If the shutdown order comes, he said, employees will report to work as usual Monday, and officials will then notify employees about the shutdown.

“Mission critical folks will stay on,” Raimondo said. “The other folks will start their furlough. Then you’ve got life and safety issues; some folks stay on just due to life and safety issues.”

He said campers at the Corps’ parks and campgrounds will be notified the grounds are closing. Normally, he said, people receive two days’ notice to leave to give them time to get packed.

“It’s (shutting down the campgrounds) pretty standard procedure. We really figured it out well in 2013. The managers know what to do. We’ve given out guidance this afternoon to our management teams; they’ll know what actions they need to start taking.”

“Like all the government agencies, we had to maintain updated procedures for an orderly government shutdown,” said Michael Petersen, a spokesman for the U.S. Army Engineer Research and Development Center, adding ERDC went through the 2013 shutdown and has kept plans to make sure the shutdown is done in an orderly fashion.

“We have mission critical folks who would stay on board and we would have make sure security and safety are still maintained,” he said.

Any work at ERDC that is already funded would continue, he said. “As long as there is basically money in the bank, as long as it’s not drawing from the federal government.

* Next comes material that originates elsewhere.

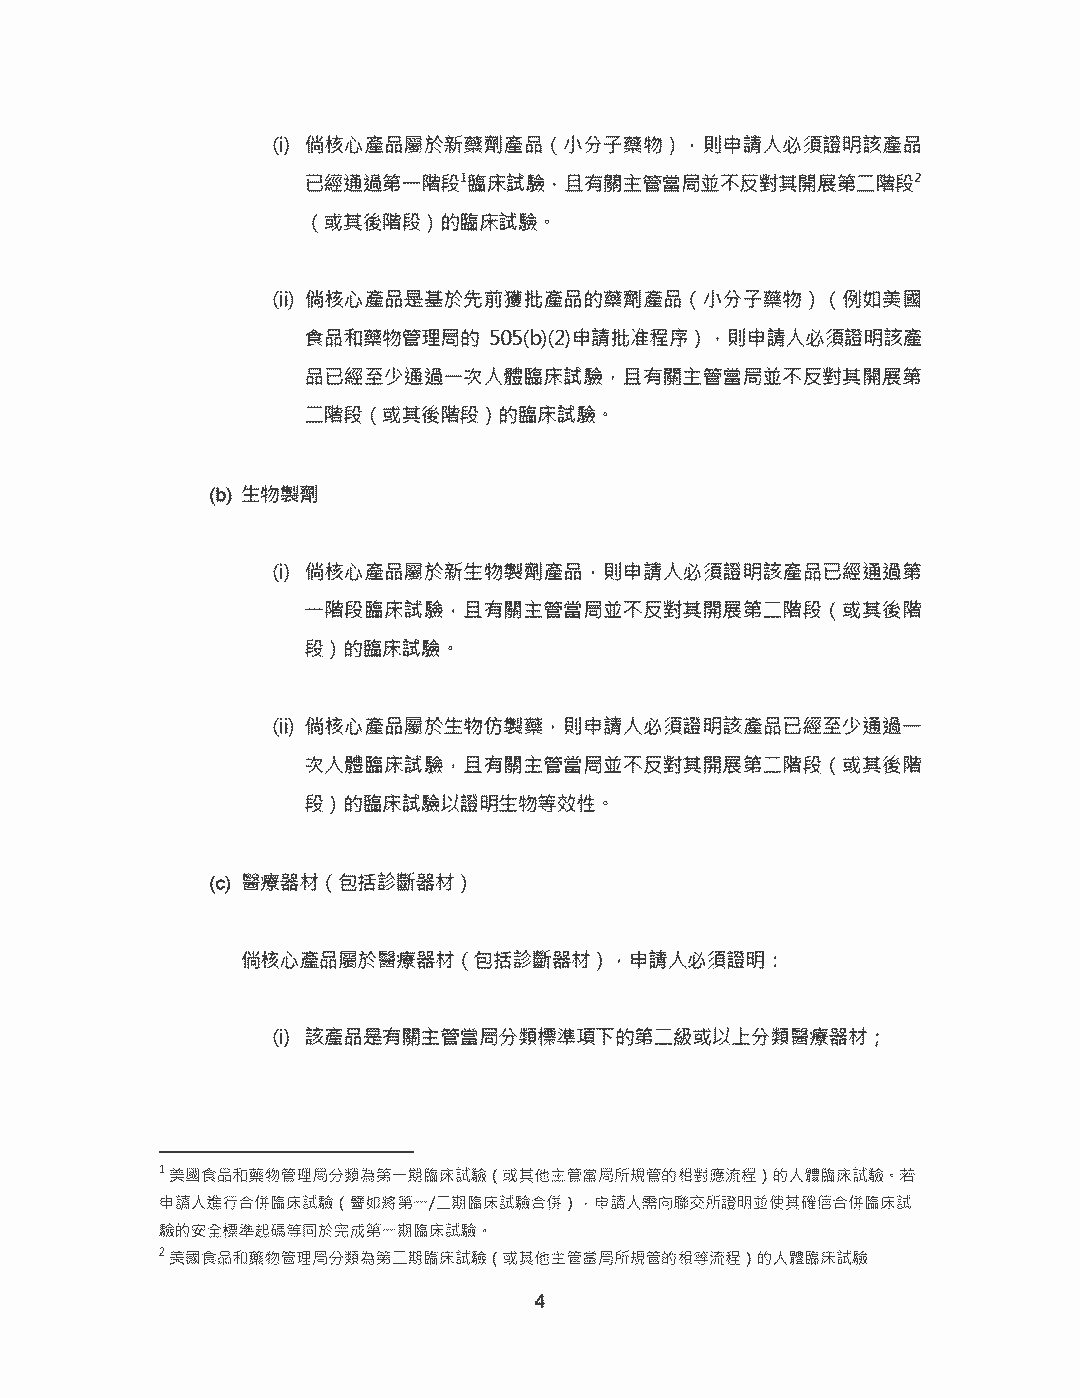 香港聯交所對生物科技公司還是有要求的，不是所有的生物科技公司都可以的 - 生物科技公司香港上市申請指引(《主板規則》第18A章)

If we have money in the bank, we can continue our research as long as there’s money there.”

The manager for one contractor to the Corps said his company will continue its work.

“From what we’re hearing from the customer, they said it won’t impact us at this point,” said Bowhead program manager Don Sloan.
National Military Park impact

Vicksburg National Military Park Superintendent Bill Justice said park officials have not received any guidance on closing the park from the National Park Service if a shutdown occurs.

“I am sure that if a shutdown were to happen, we will get guidance for that,” he said.

The park, like other parks and attractions under the National Park Service, was forced to shutdown in 2013.

“What generally happens during a government shutdown in a National Park or during any break of appropriations is the park is closed for access to the public,” Justice said.

Bill Seratt, executive director of the Vicksburg Convention and Visitors Bureau said the military park is the top attraction to get people to come to Vicksburg and get off the Interstate 20.

“So many people that visit that National Military Park visit our other attractions and eat and buy gas and stay in hotels,” he said. “If they don’t have the reason to come here for the park, then we could potentially miss all of that business. I can’t give you an exact number, but we felt a very definite crunch on business throughout the market with that 16-day shutdown.”

Because of the federal activities at all the federal facilities in Vicksburg, a government shutdown would just be devastating for this entire market, Seratt said.

“Most of the riverboats sell the Vicksburg National Military Park as an add-on. For some of the boats, that is their number one selling land-based activity,” he said. “If they had to cancel all of that it would be a great impact on their business because they would not be selling those add-ons, and our licensed park guides would be missing tours because the park was closed.

“There would still be other activities with the museums and tour homes in town, but the big explanation point to the stop in Vicksburg in the National Military Park. It would be devastating to the whole tourism experience in Vicksburg. We know that the park drives traffic here and it is the attractor that many of the smaller attractions orbit around.”


– Reporters Brandon O’Connor and John Surratt combined for this article.